Often we underappreciate how much the quality of the work is the most important thing, and when we are rested and are the best versions of ourselves, the quality shines.

How are ThredUp’s employees responding to the change?

Before the experiment, we heard consistently from folks how much they value a three-day weekend. They came back feeling recharged. So I think the psychology there is about feeling recharged coming back into work. I wanted to create that level of freshness that leads to better outcomes. 

Some people do work Fridays. There’s something about waking up Friday morning with a fresh cup of coffee with no emails, no Slack messages and banging out a creative proposal or performance review or product design. There’s a freedom you have when you don’t have all these inbounds coming at you. 

How do you define “better outcomes”?

It’s hard to prove that the work quality is better. But we have a set of things we’re trying to accomplish as a public company. We have standards and we know how long it’s supposed to take to get things done. We’re not allowing people to work one day less to push things out. 

What I most worry about is when things start to drag. When something that could get resolved Thursday afternoon doesn’t and you have to wait until Monday. But if you have the right mindset, and the right employees, you get it all done. 

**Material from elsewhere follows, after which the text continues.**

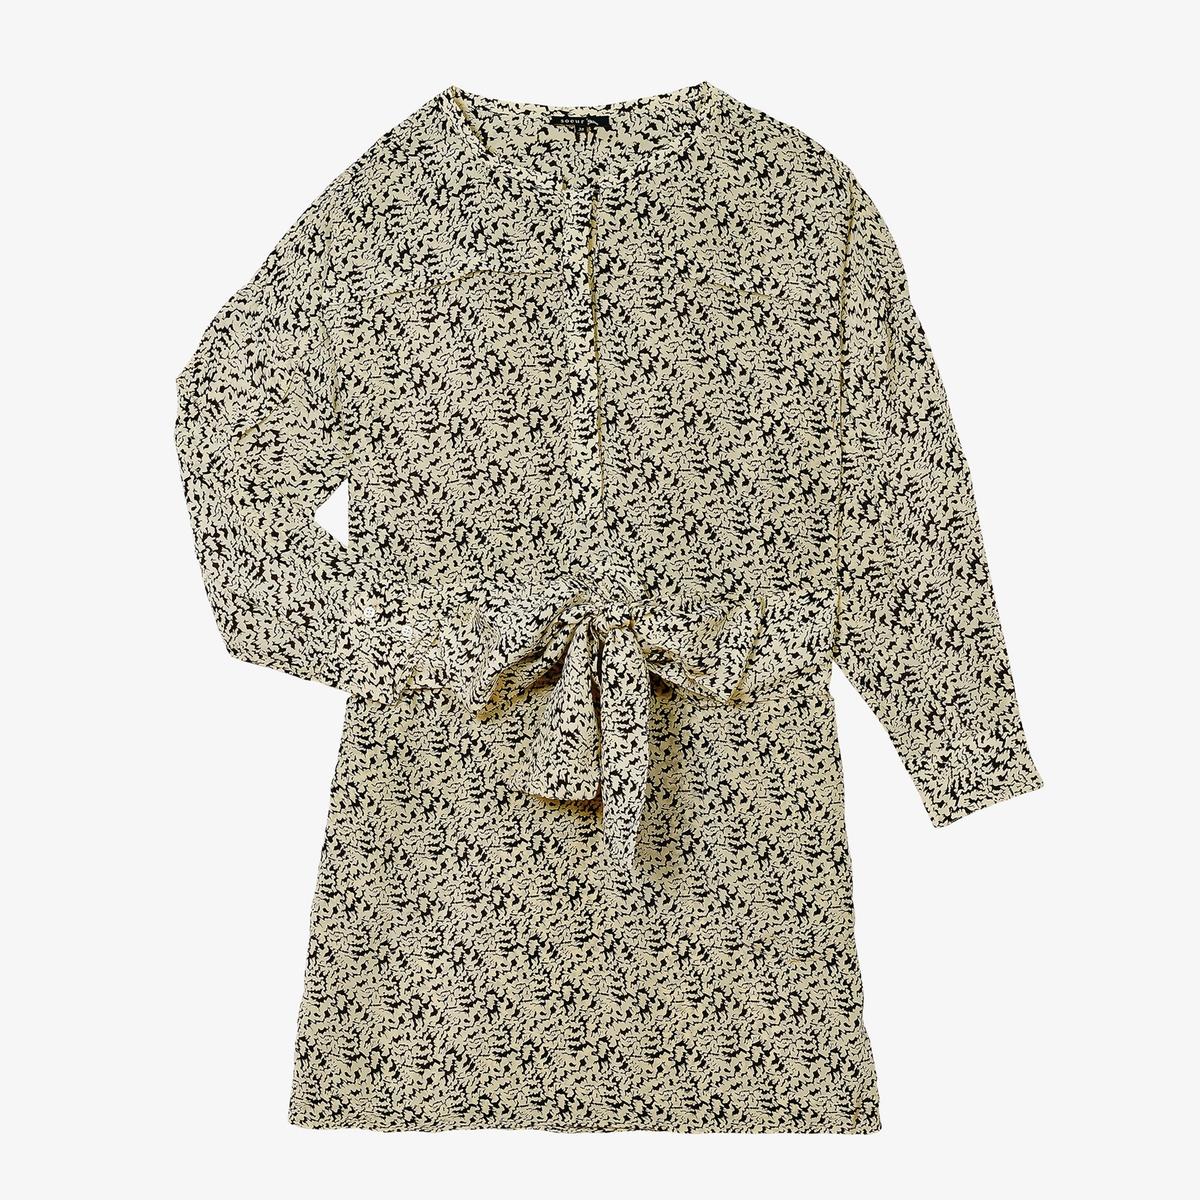 Платье La Redoute Короткое с длинными рукавами GIULIETA 42 (FR) - 48 (RUS) бежевый платье la redoute короткое с запахом с длинными рукавами 42 fr 48 rus черный

Do you think every company should shift to a four-day workweek? Why might it not work for everyone?

I don’t know if it’s something I would advocate globally for every company. It works for us because of the mission-driven nature of what we do. 

Our people are inspired to come to work and care about the impact we’re making on the world. So they’re willing to be flexible and work super hard on those four days in service of that mission. 

I could see an environment for folks who don’t like their jobs or the companies they’re working at, how this could go horribly wrong.

How many days a week do you work?

Because I am the founder, I basically work all the time. As founder you never shut your love of the company off. I never complain about working hard. I am the luckiest guy around.